→ Try it
What you return must match the records below character for character, except that no picture appears.

→ Dataset excerpts
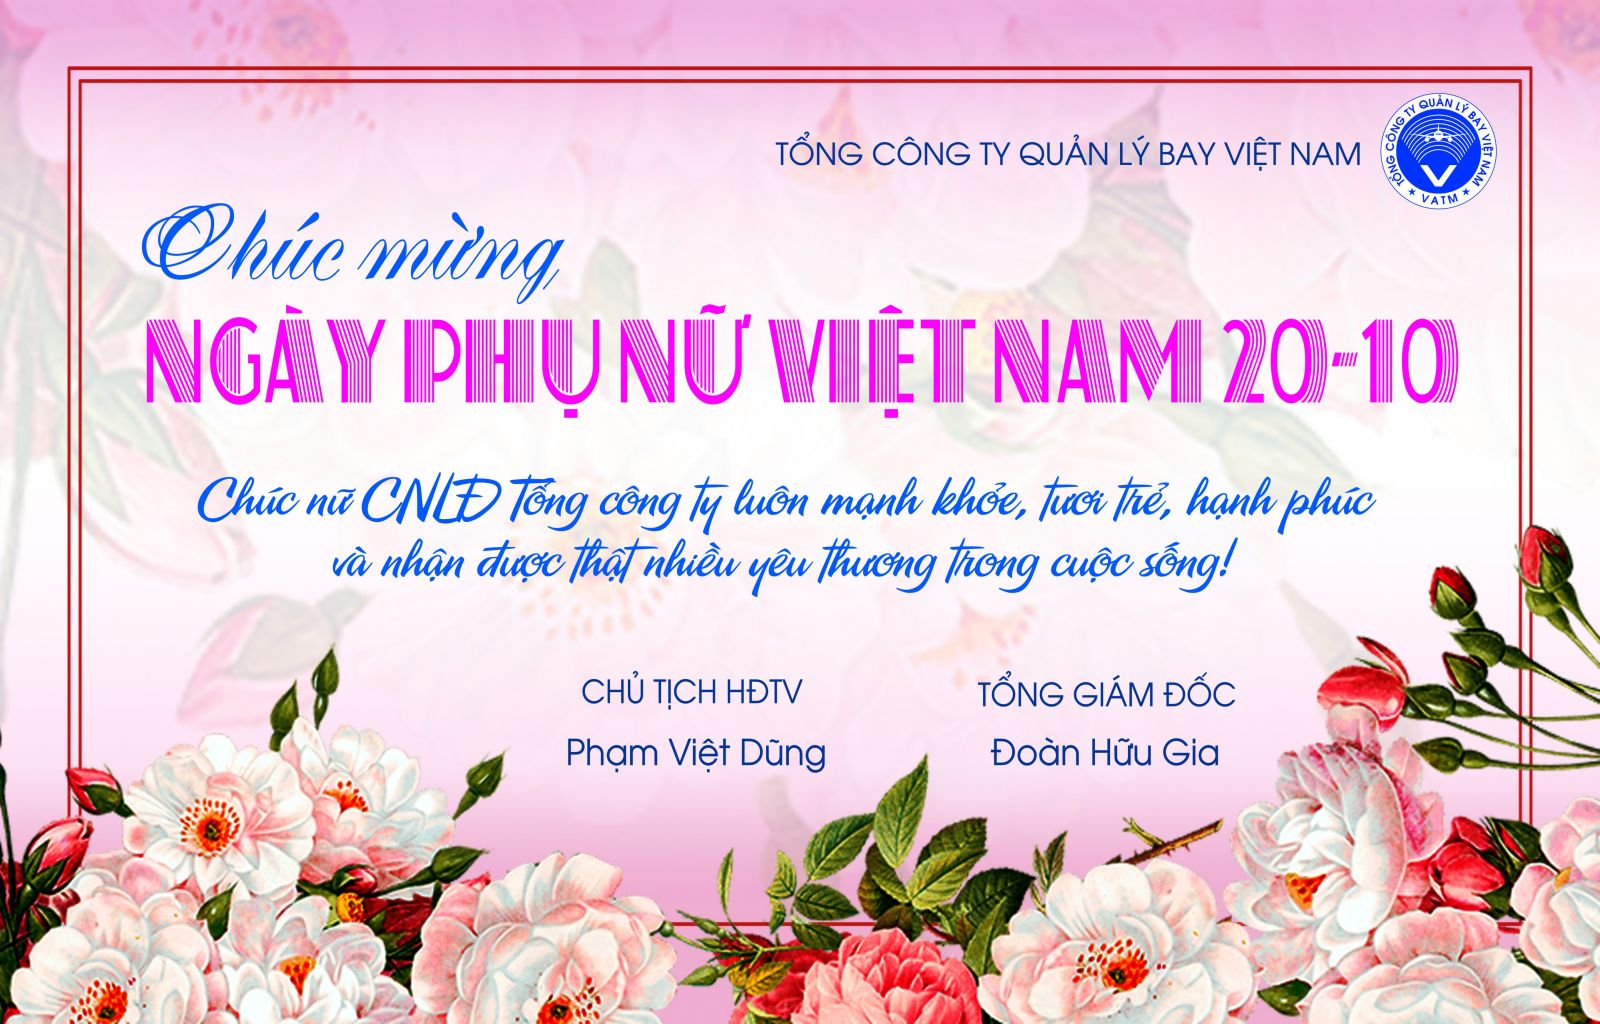 Chúc mừng ngày Phụ nữ Việt Nam 20-10: Cùng chúc mừng ngày Phụ nữ Việt Nam 20-10, ngày để tôn vinh và trân trọng những người phụ nữ trong cuộc sống của chúng ta. Chúc cho những người phụ nữ luôn xinh đẹp, sức khỏe, niềm vui và hạnh phúc trong cuộc sống. Tổ chức một buổi tiệc nhỏ, tặng món quà thật ý nghĩa để gửi đến lời chúc tốt đẹp tới những người phụ nữ thân yêu của mình, hãy để mỗi người phụ nữ cảm thấy được quan tâm và trân trọng.
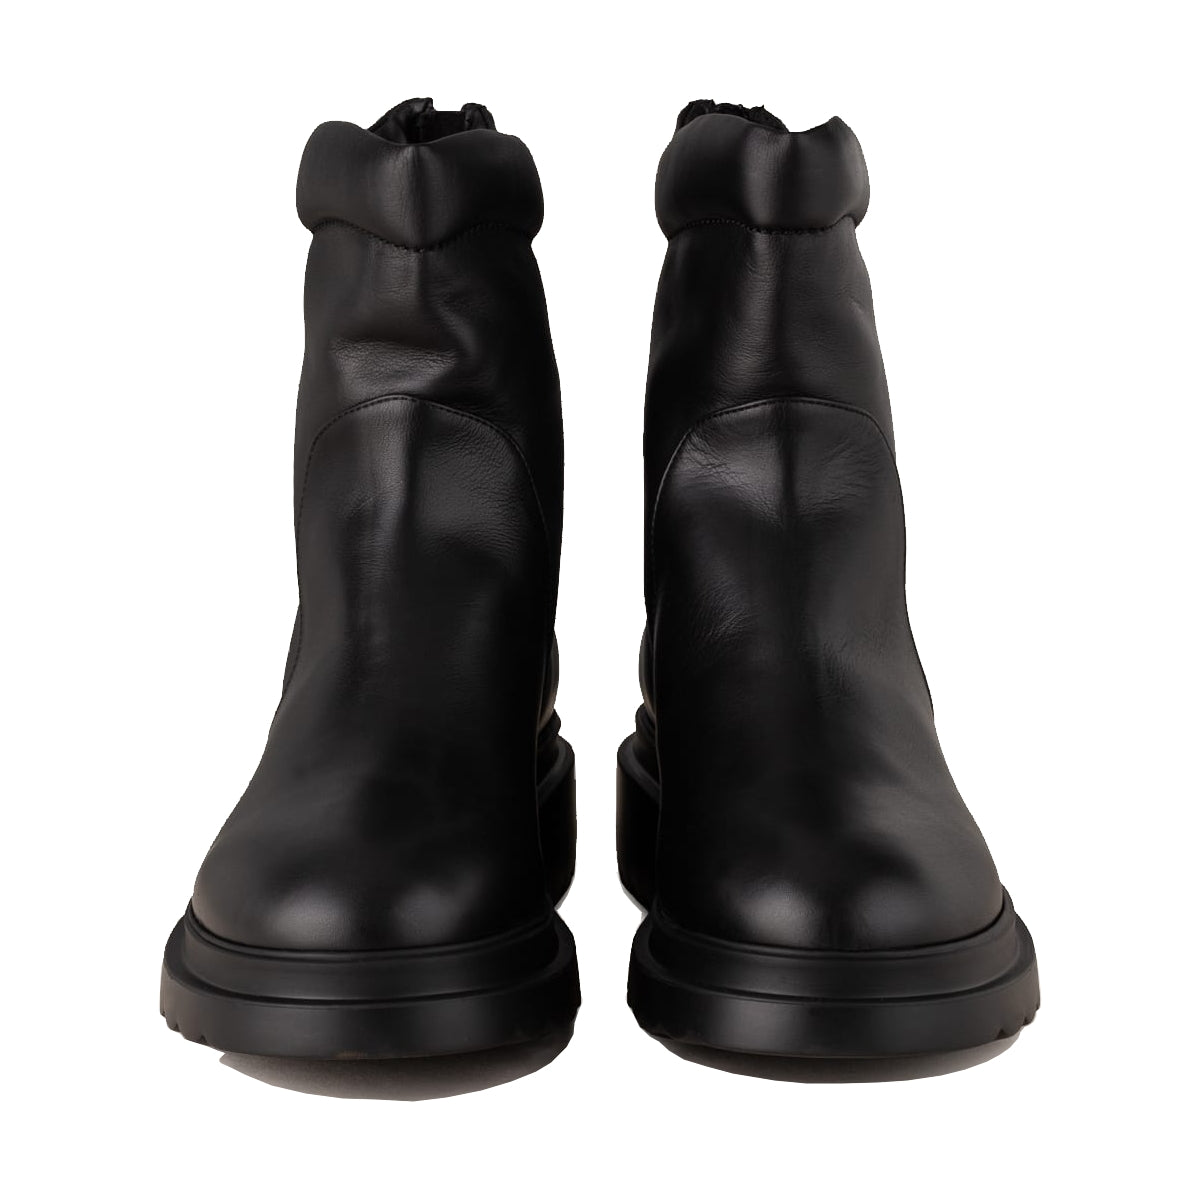 Pomme d´or boots rey in schwarzen Glattleder. Sportive Stiefelette mit Sneakers Leisten von Pomme d´or online kaufen. Low boots mit Reißverschluss und 3cm hoher Profilsohle aus der neuen Pomme d´or Kollektion.
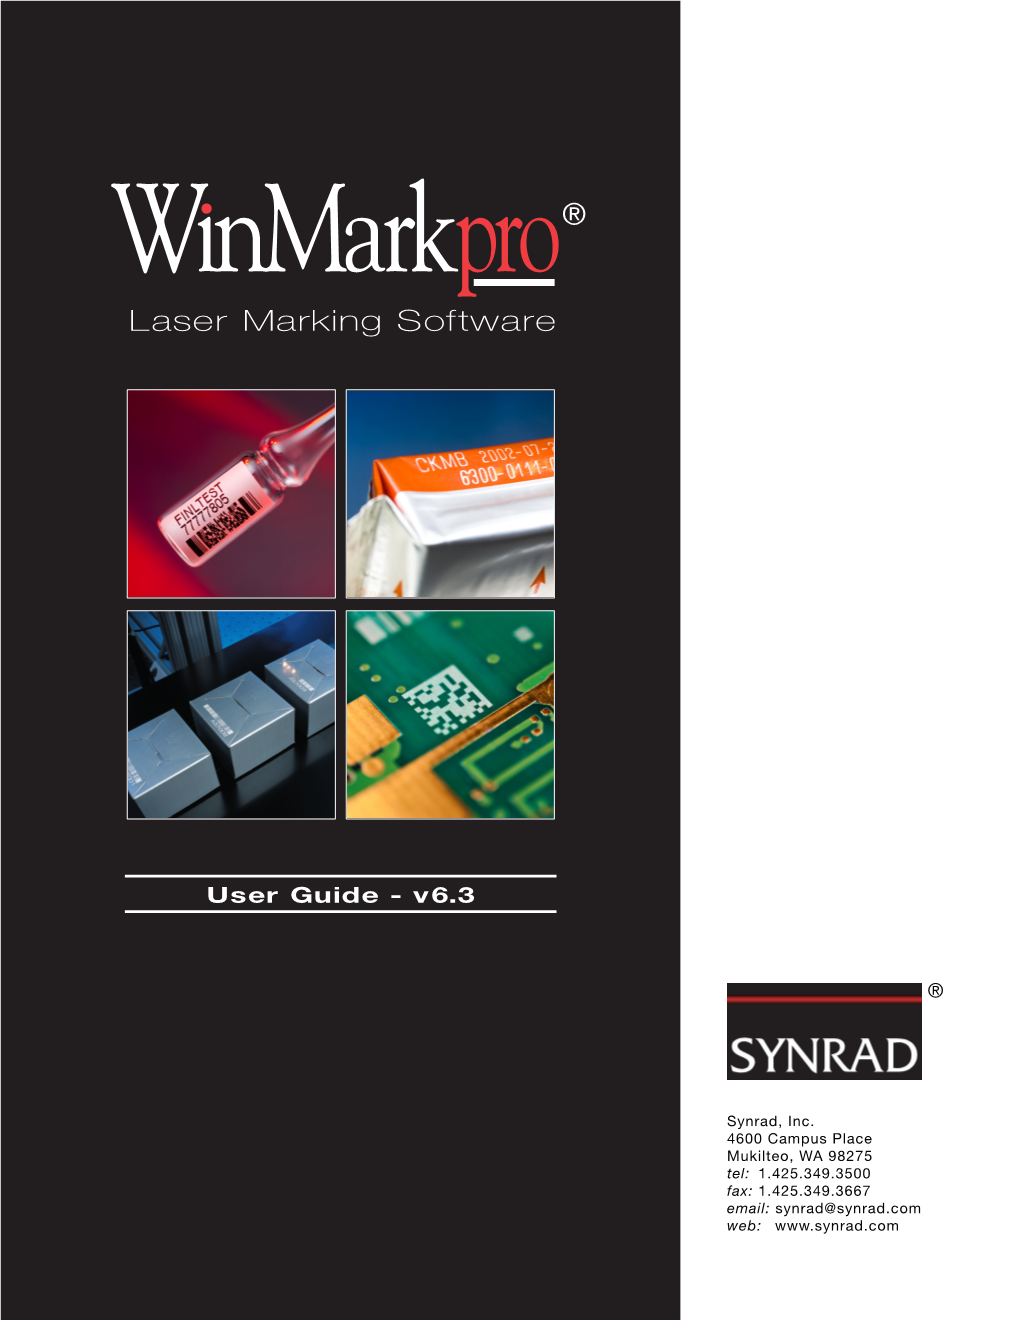 Winmark Pro User Guide, V6.3, Released June 2012
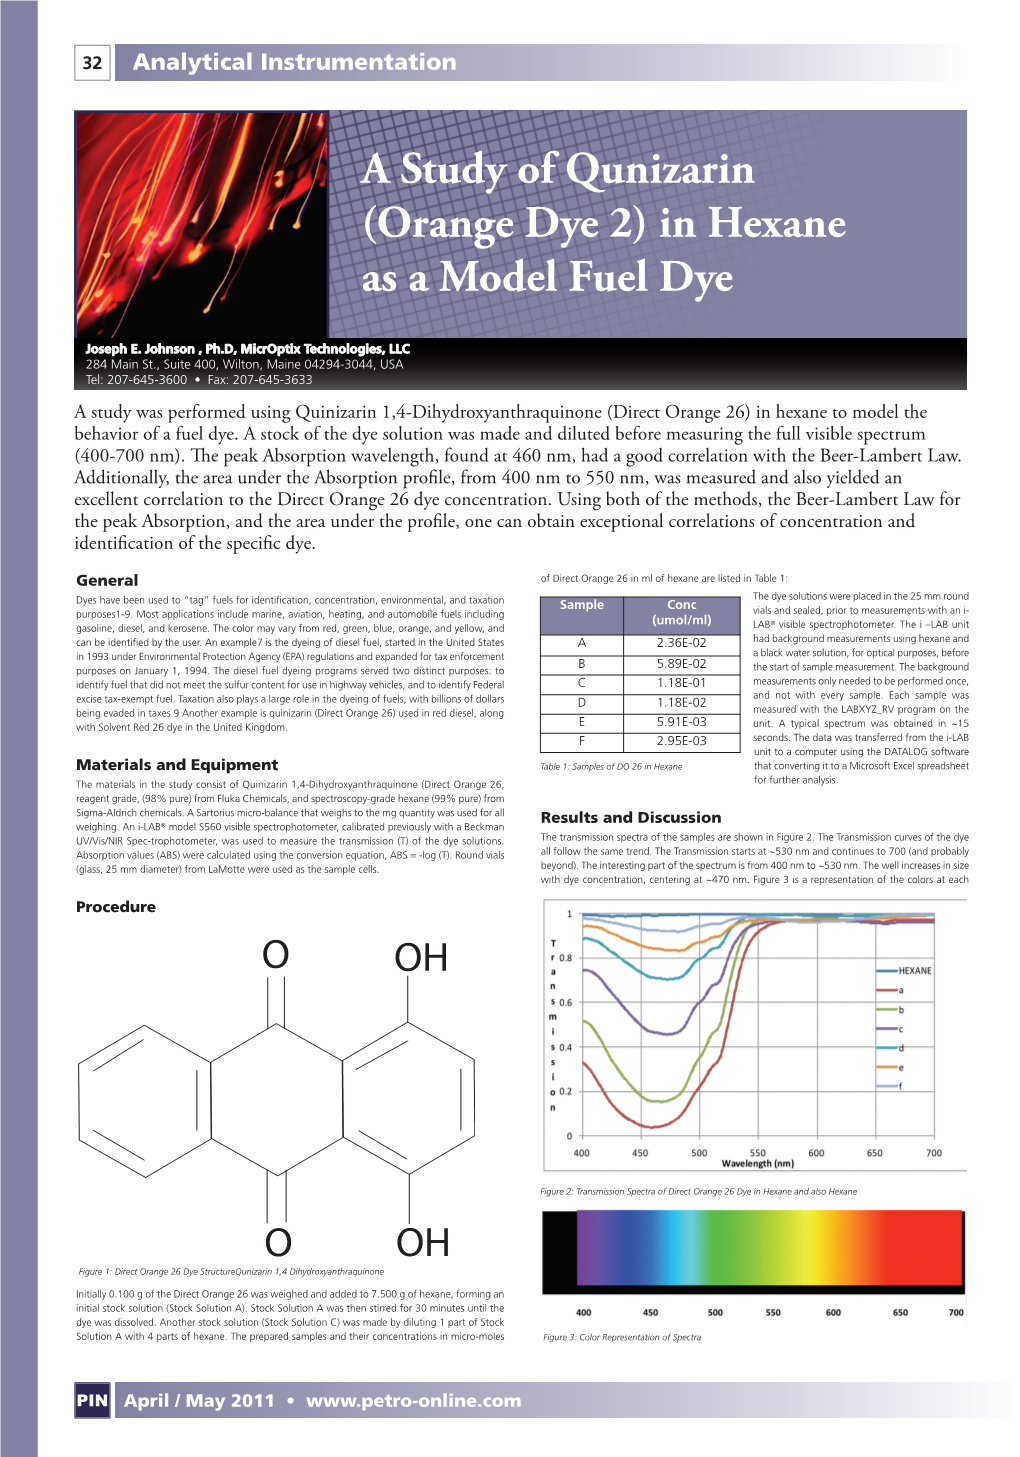 (Orange Dye 2) in Hexane As a Model Fuel Dye
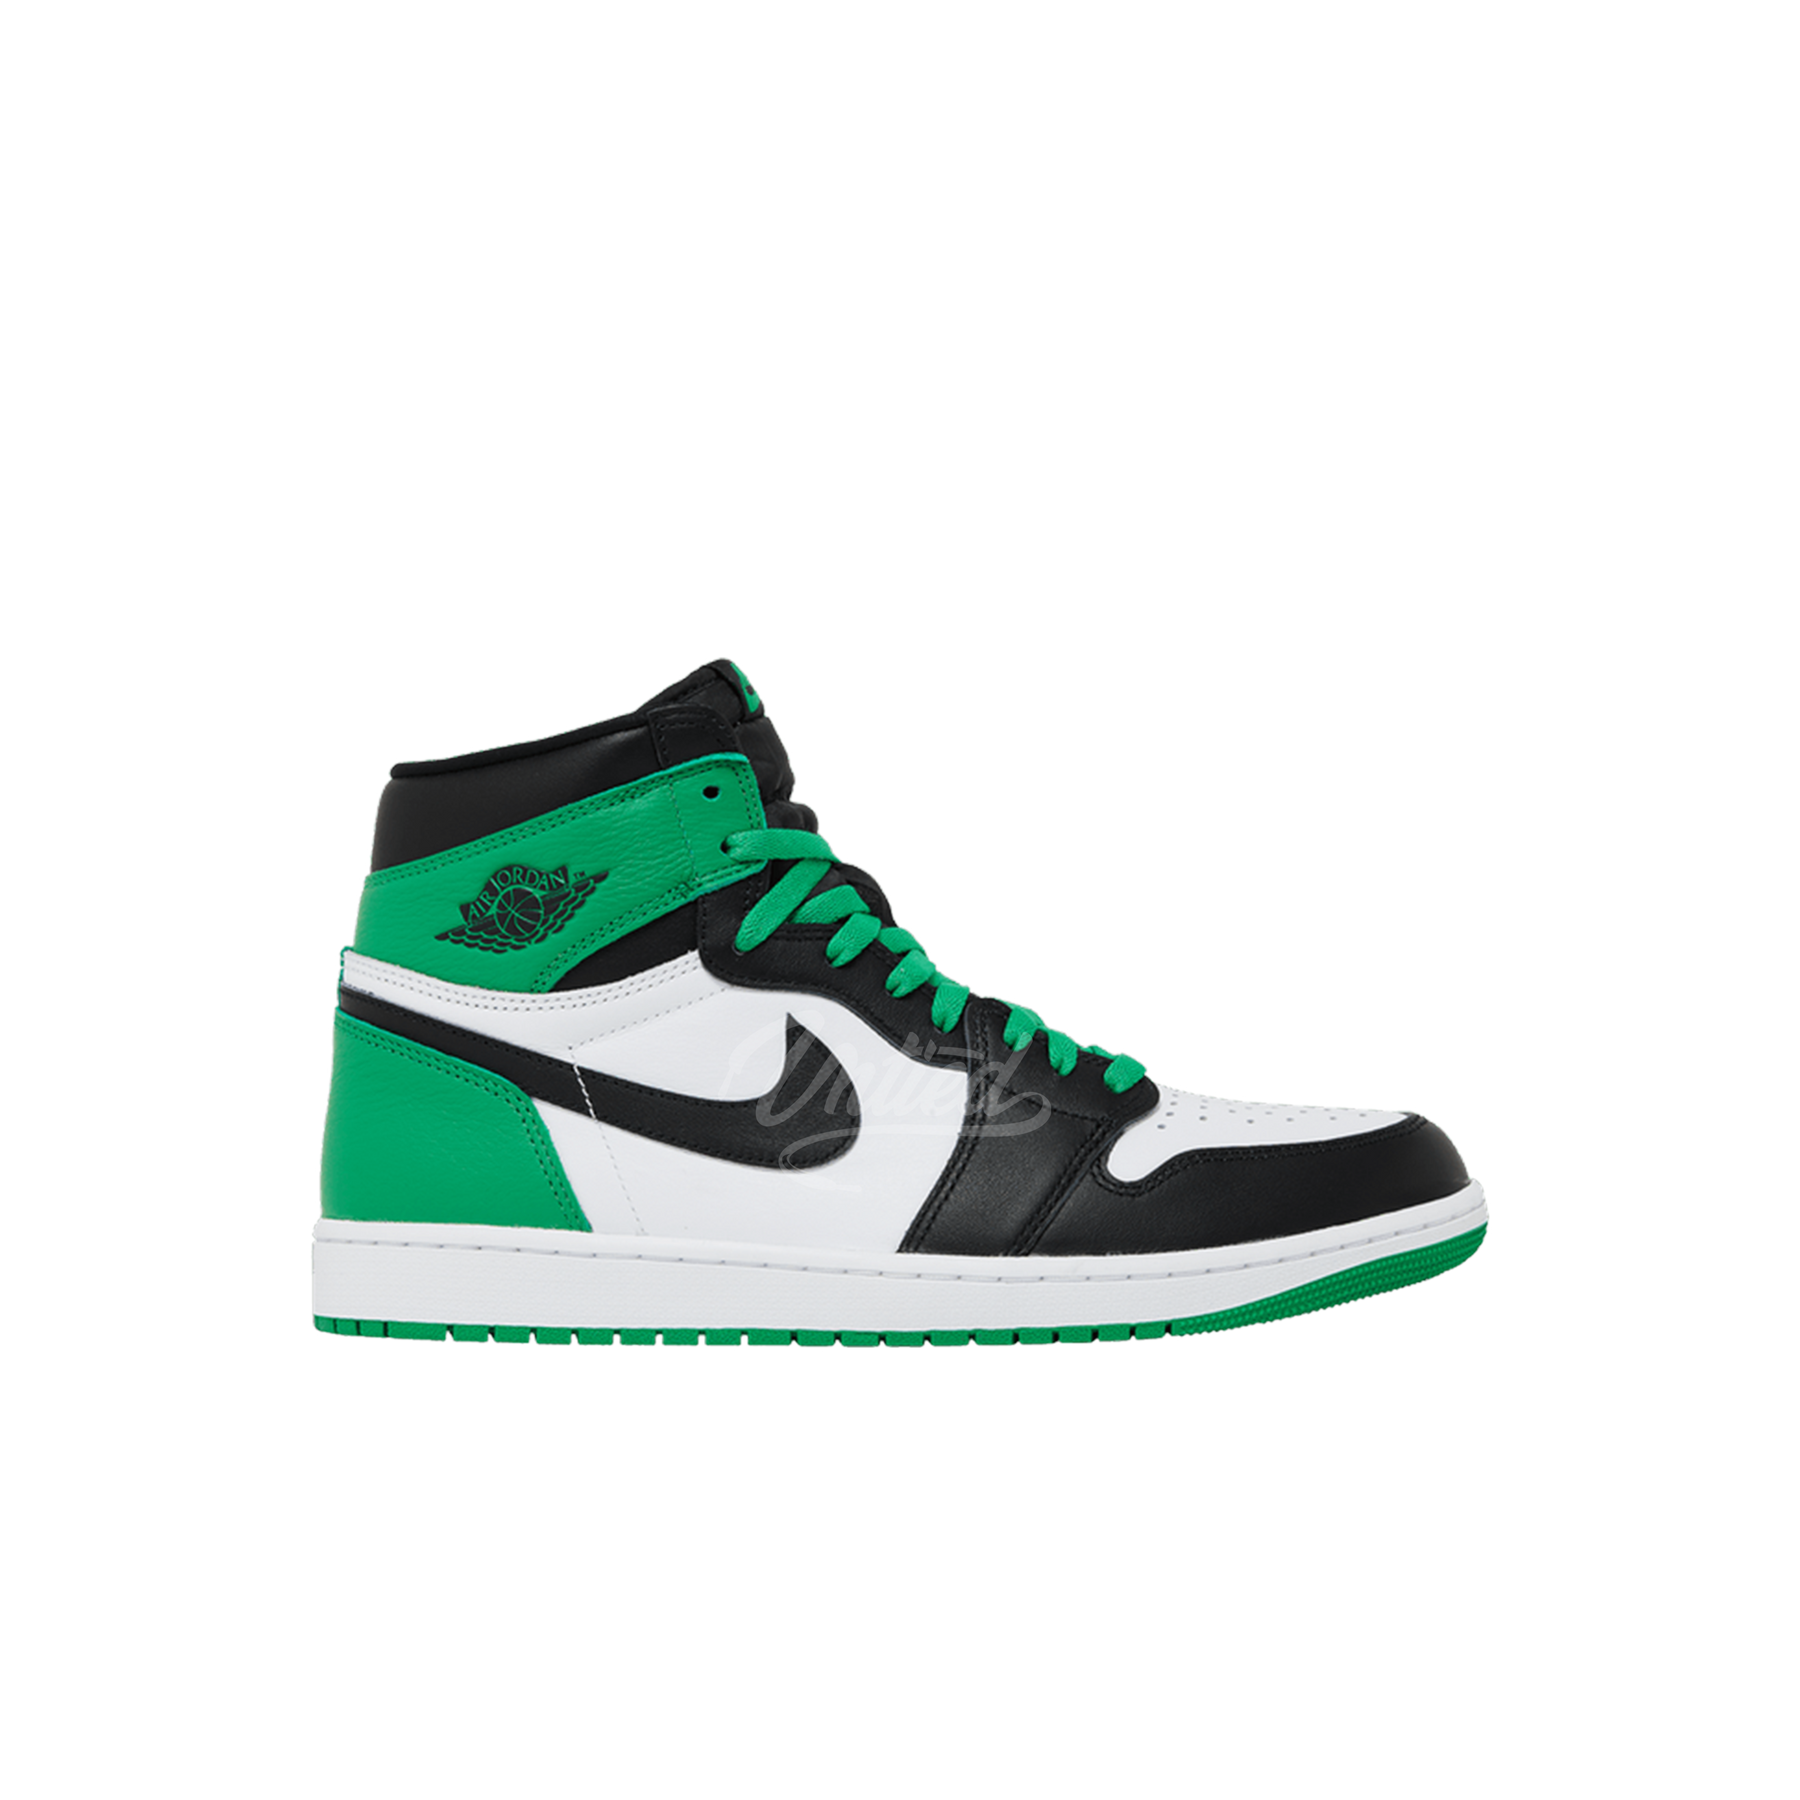 Air Jordan 1 "Lucky Green"

→ Exercise result
 Chúc mừng ngày Phụ nữ Việt Nam 20-10: Cùng chúc mừng ngày Phụ nữ Việt Nam 20-10, ngày để tôn vinh và trân trọng những người phụ nữ trong cuộc sống của chúng ta. Chúc cho những người phụ nữ luôn xinh đẹp, sức khỏe, niềm vui và hạnh phúc trong cuộc sống. Tổ chức một buổi tiệc nhỏ, tặng món quà thật ý nghĩa để gửi đến lời chúc tốt đẹp tới những người phụ nữ thân yêu của mình, hãy để mỗi người phụ nữ cảm thấy được quan tâm và trân trọng.
 Pomme d´or boots rey in schwarzen Glattleder. Sportive Stiefelette mit Sneakers Leisten von Pomme d´or online kaufen. Low boots mit Reißverschluss und 3cm hoher Profilsohle aus der neuen Pomme d´or Kollektion.
 Winmark Pro User Guide, V6.3, Released June 2012
 (Orange Dye 2) in Hexane As a Model Fuel Dye
 Air Jordan 1 "Lucky Green"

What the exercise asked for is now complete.